YOUR INSTRUCTIONS ▸ Transcribe exactly, and without pictures, only the lines from the one bearing "River City Police Logo" through the final line of the data below.

DATA EXCERPT ▸
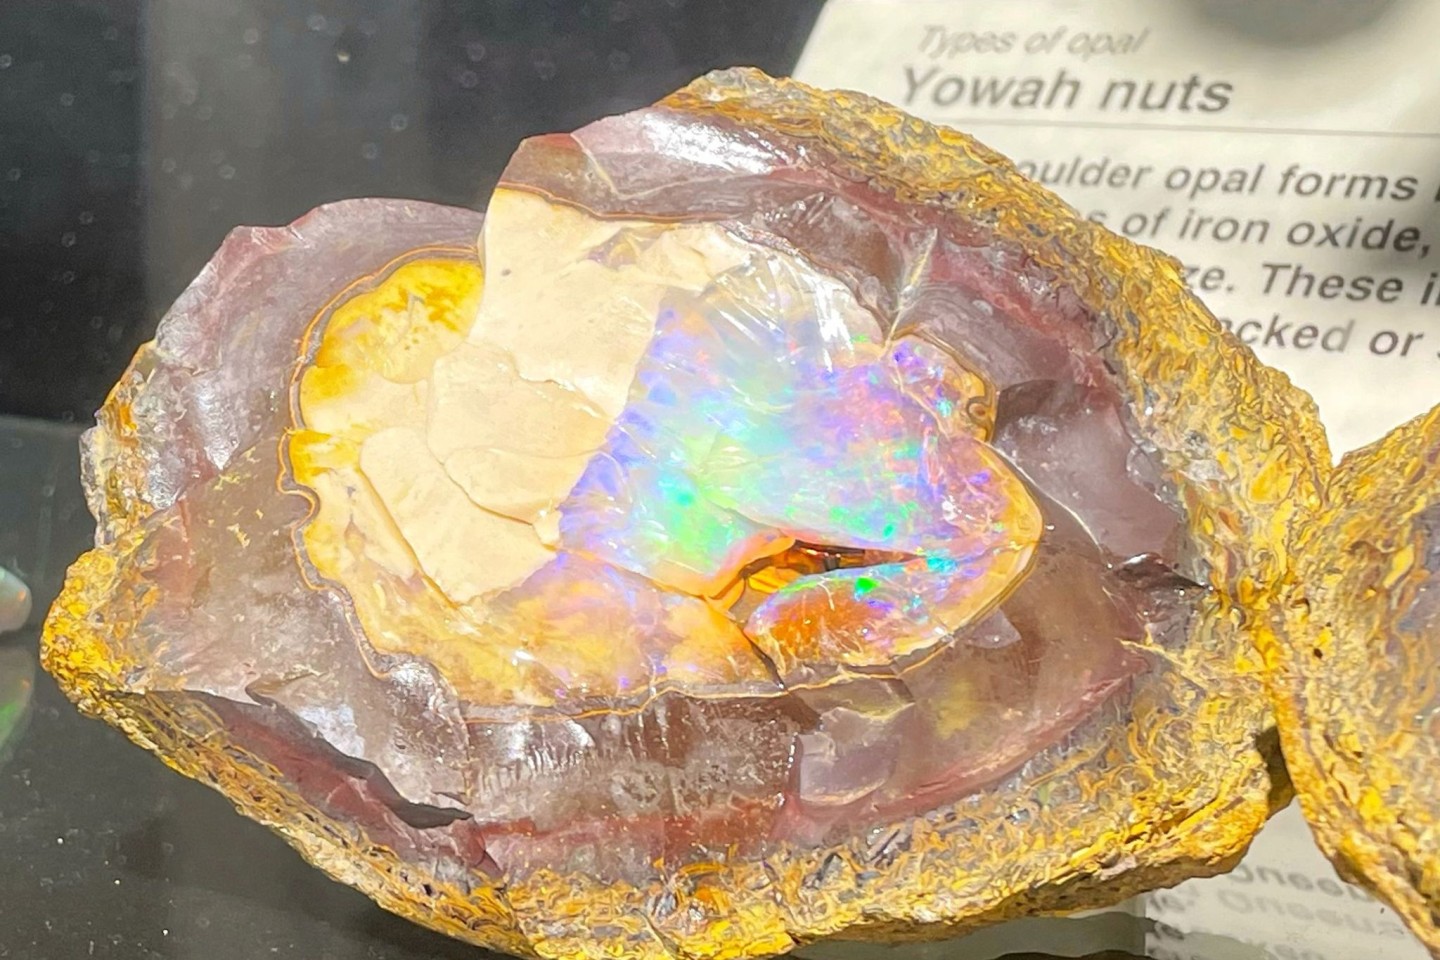 Opale werden in der Regel zu Schmuck verarbeitet. So sieht der Stein unbearbeitet aus.
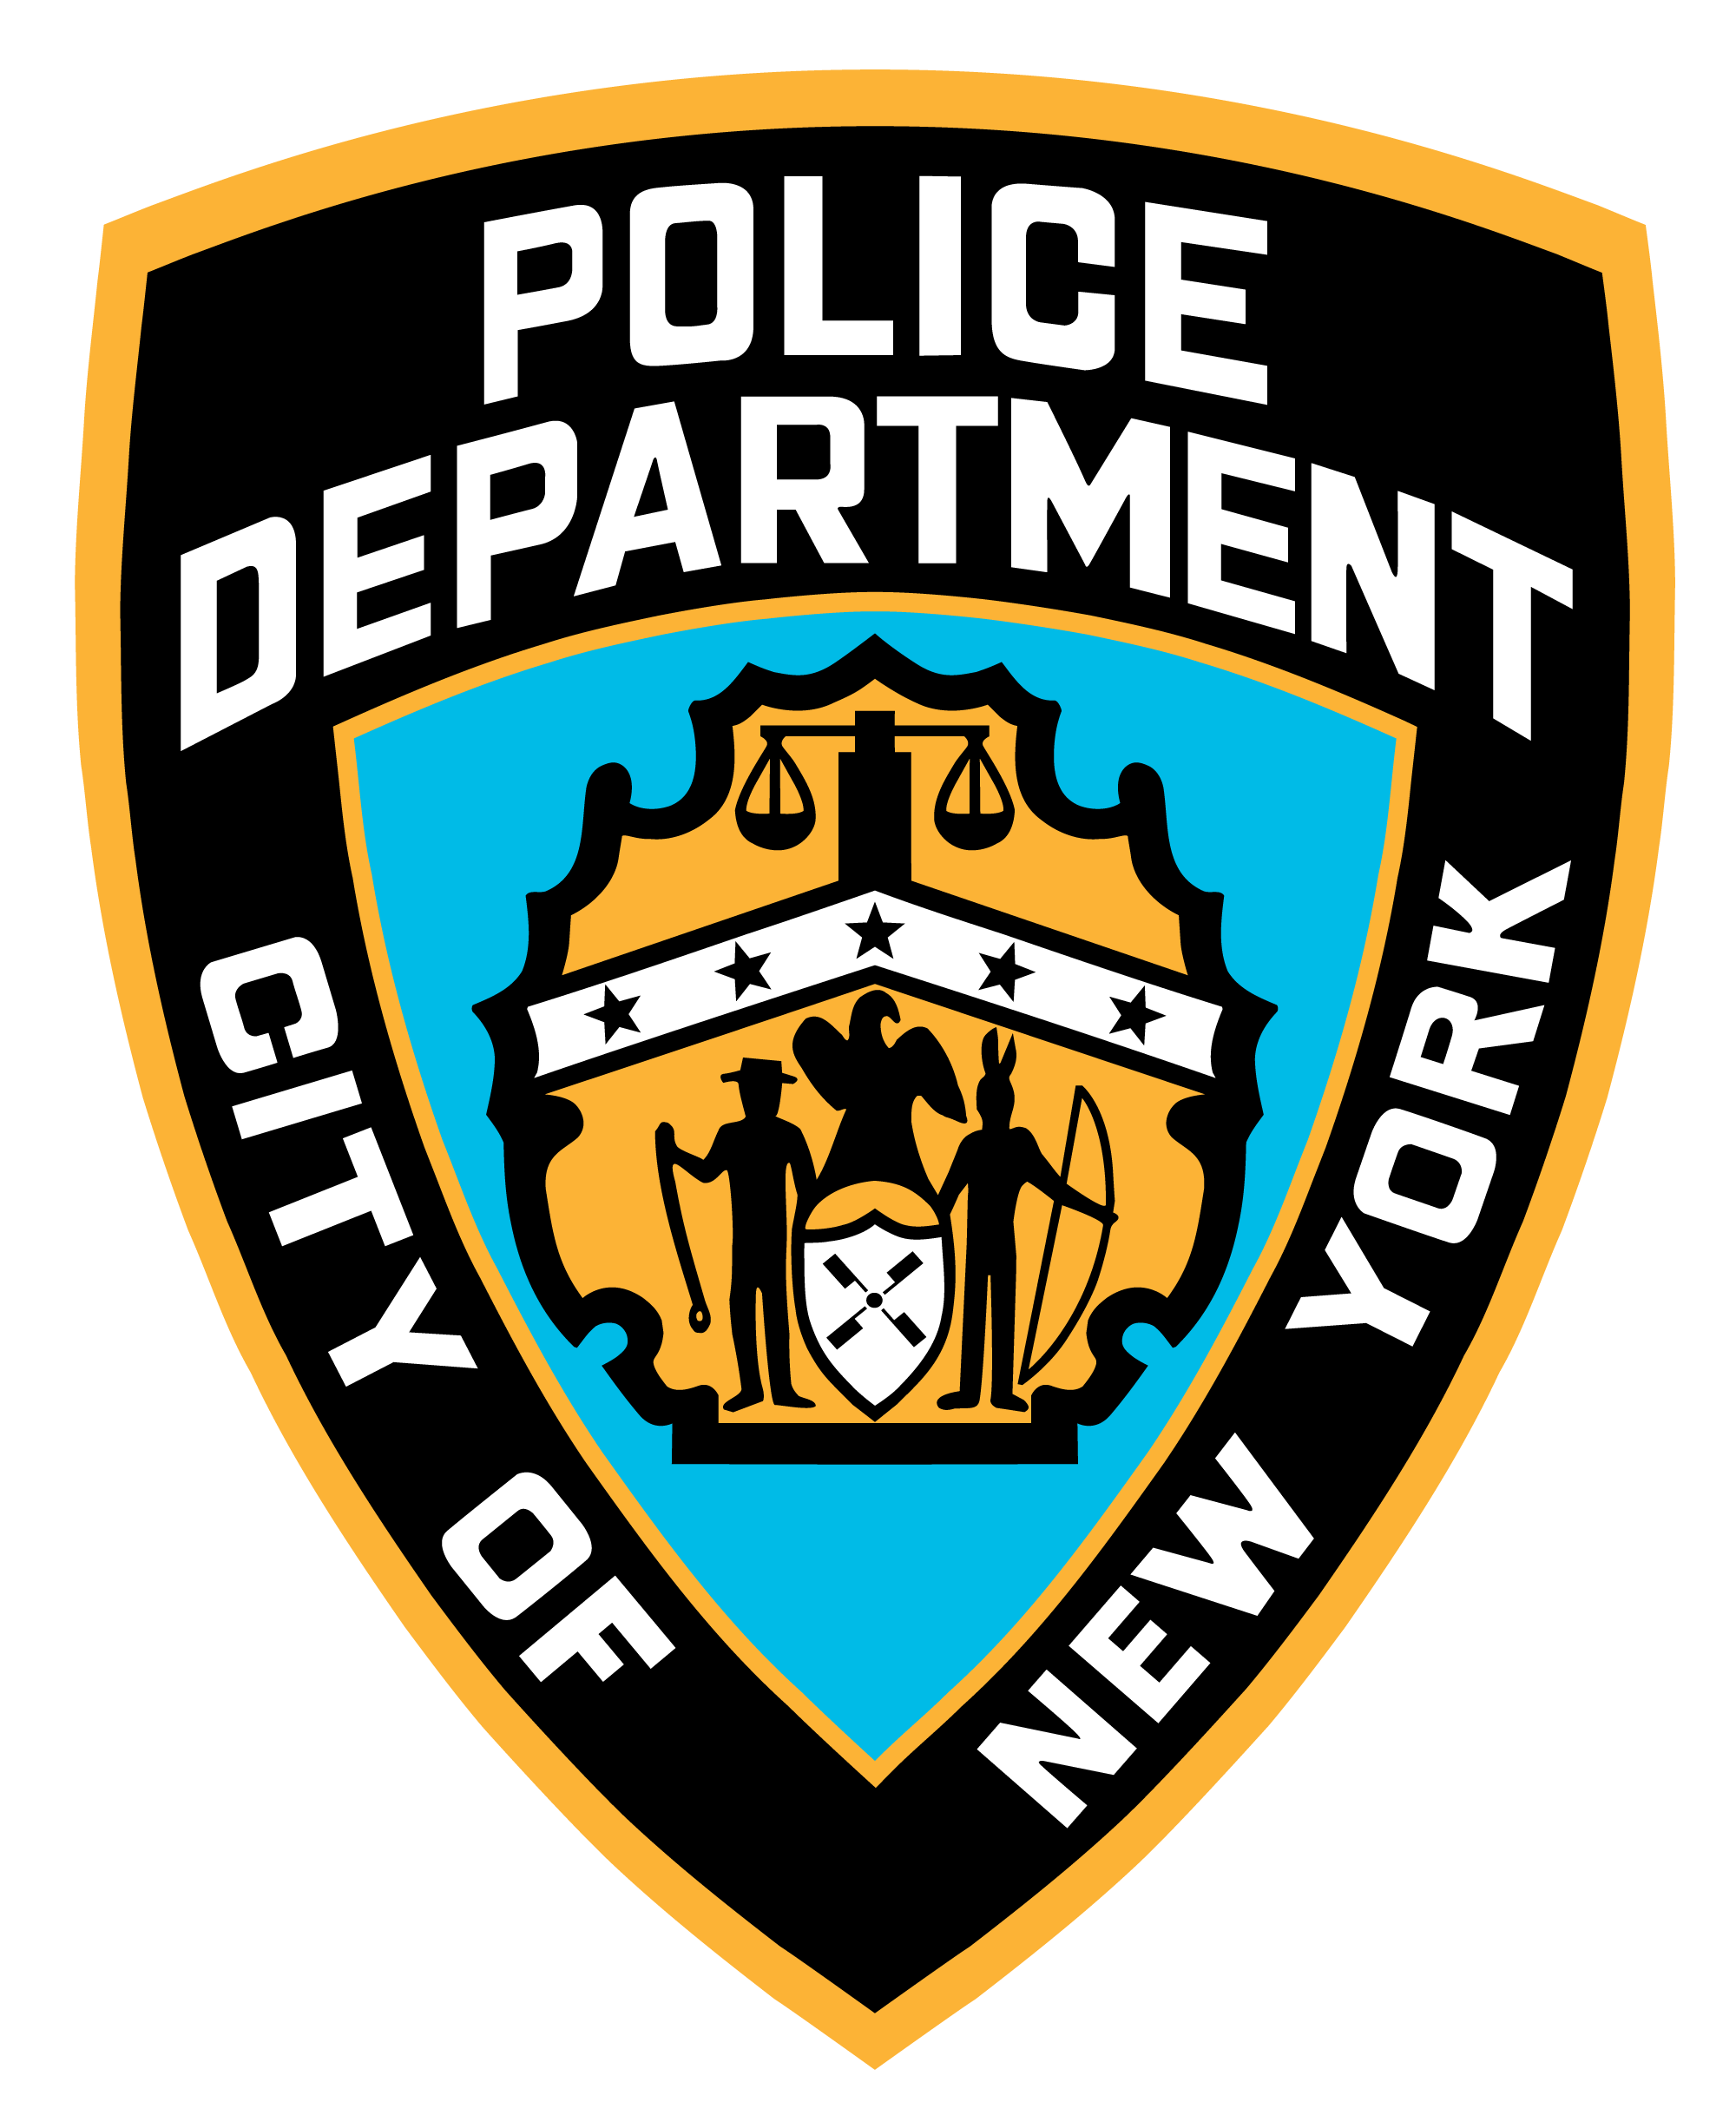 River City Police Logo
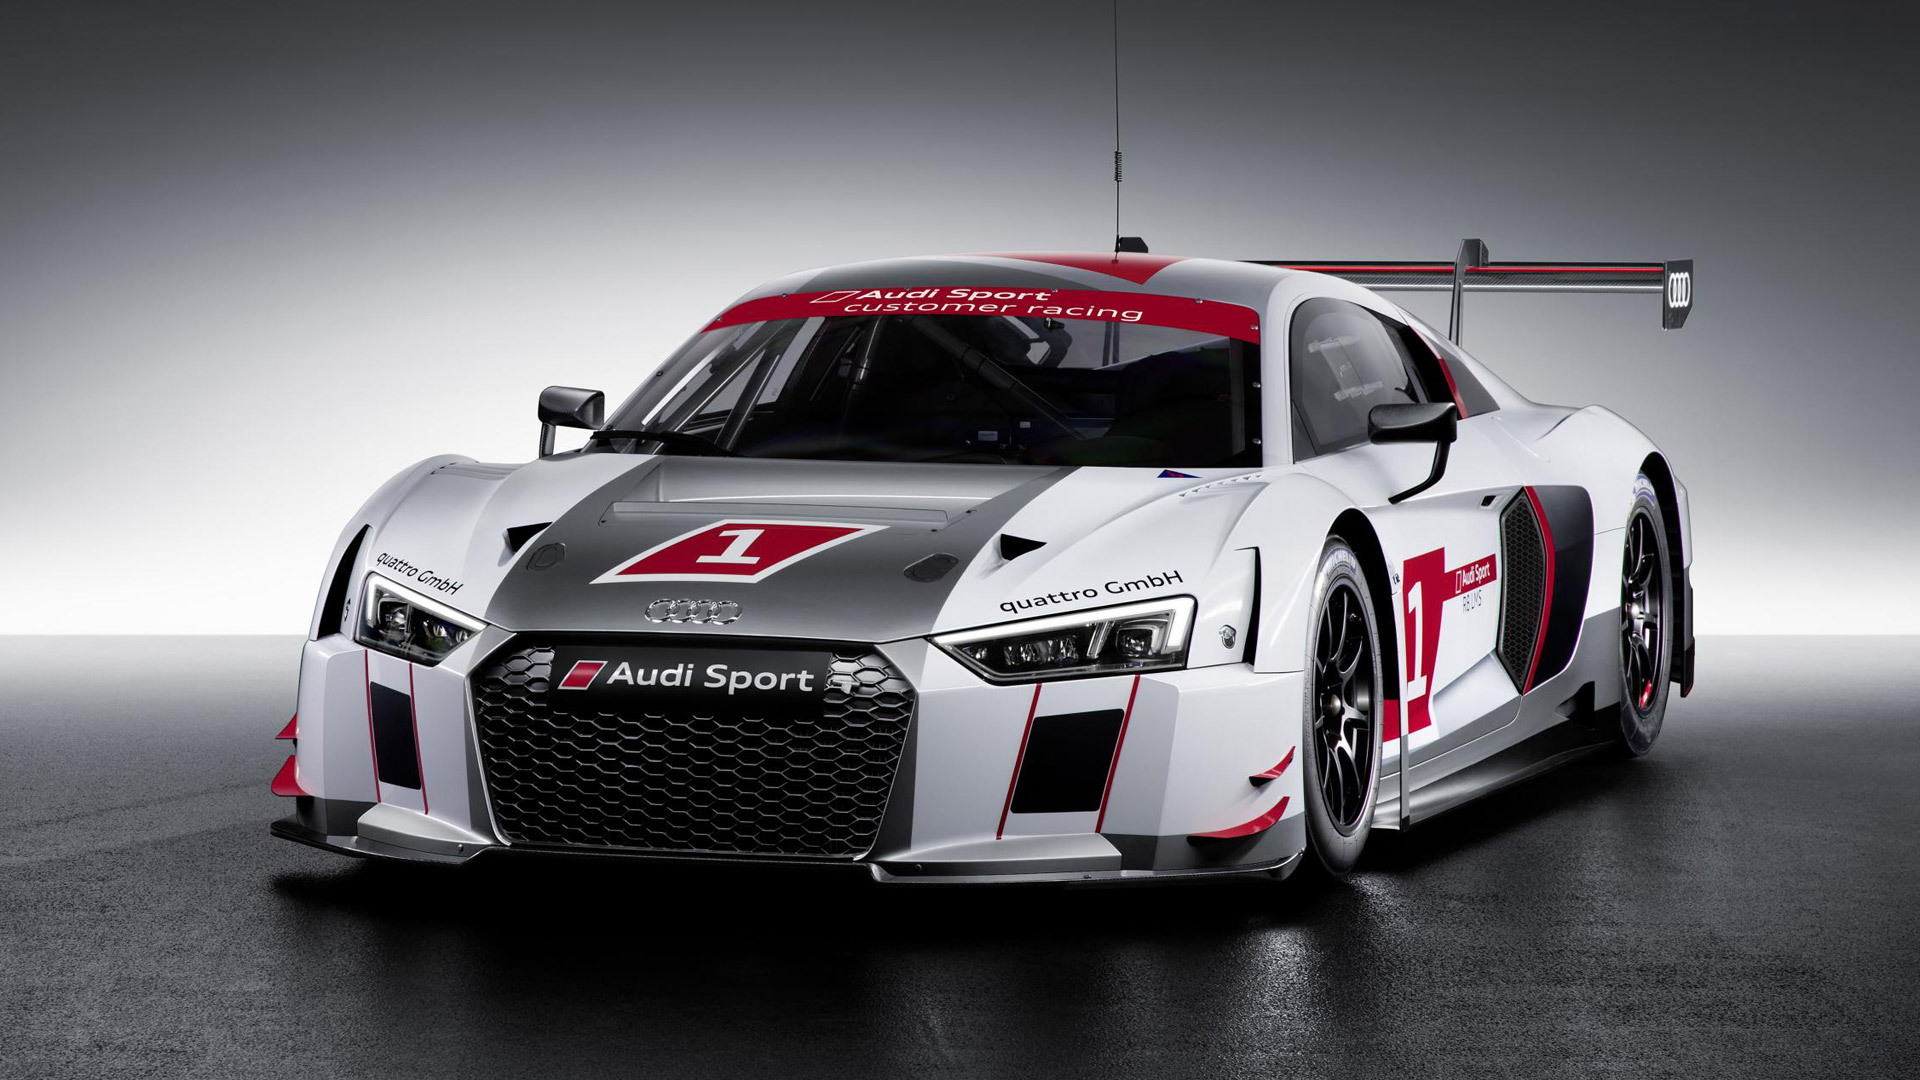 2016 Audi R8 LMS race car
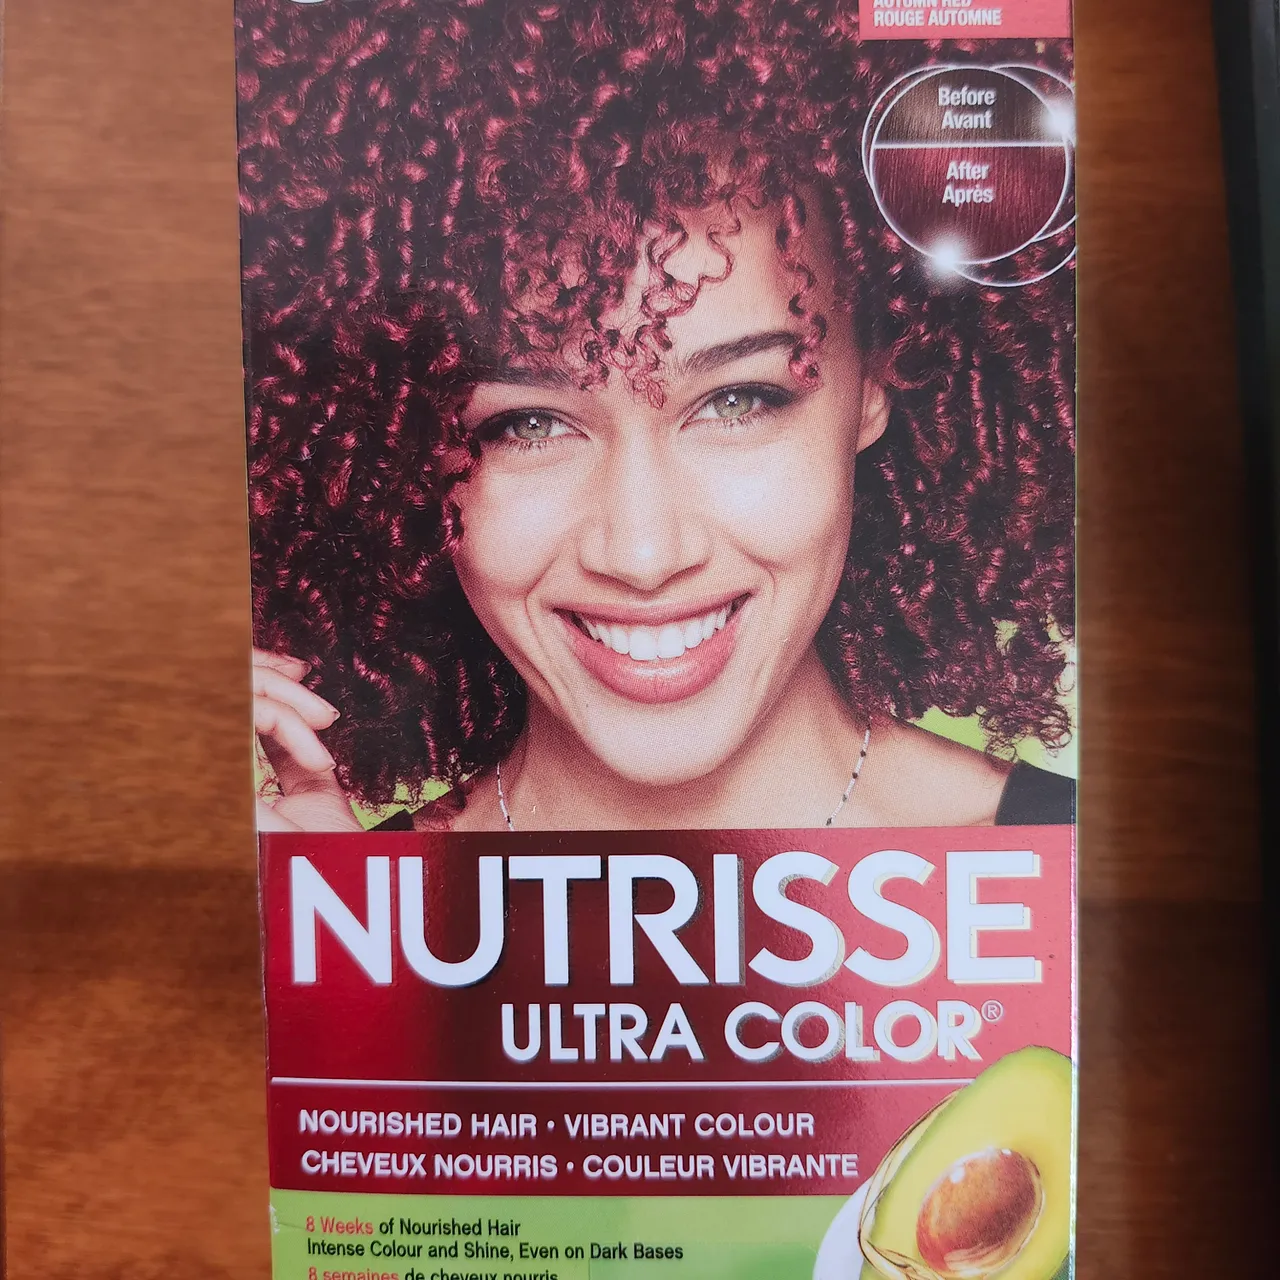 Garnier Nutrisse ultra color photo 1

ANSWER SPACE ▸
 River City Police Logo
 2016 Audi R8 LMS race car
 Garnier Nutrisse ultra color photo 1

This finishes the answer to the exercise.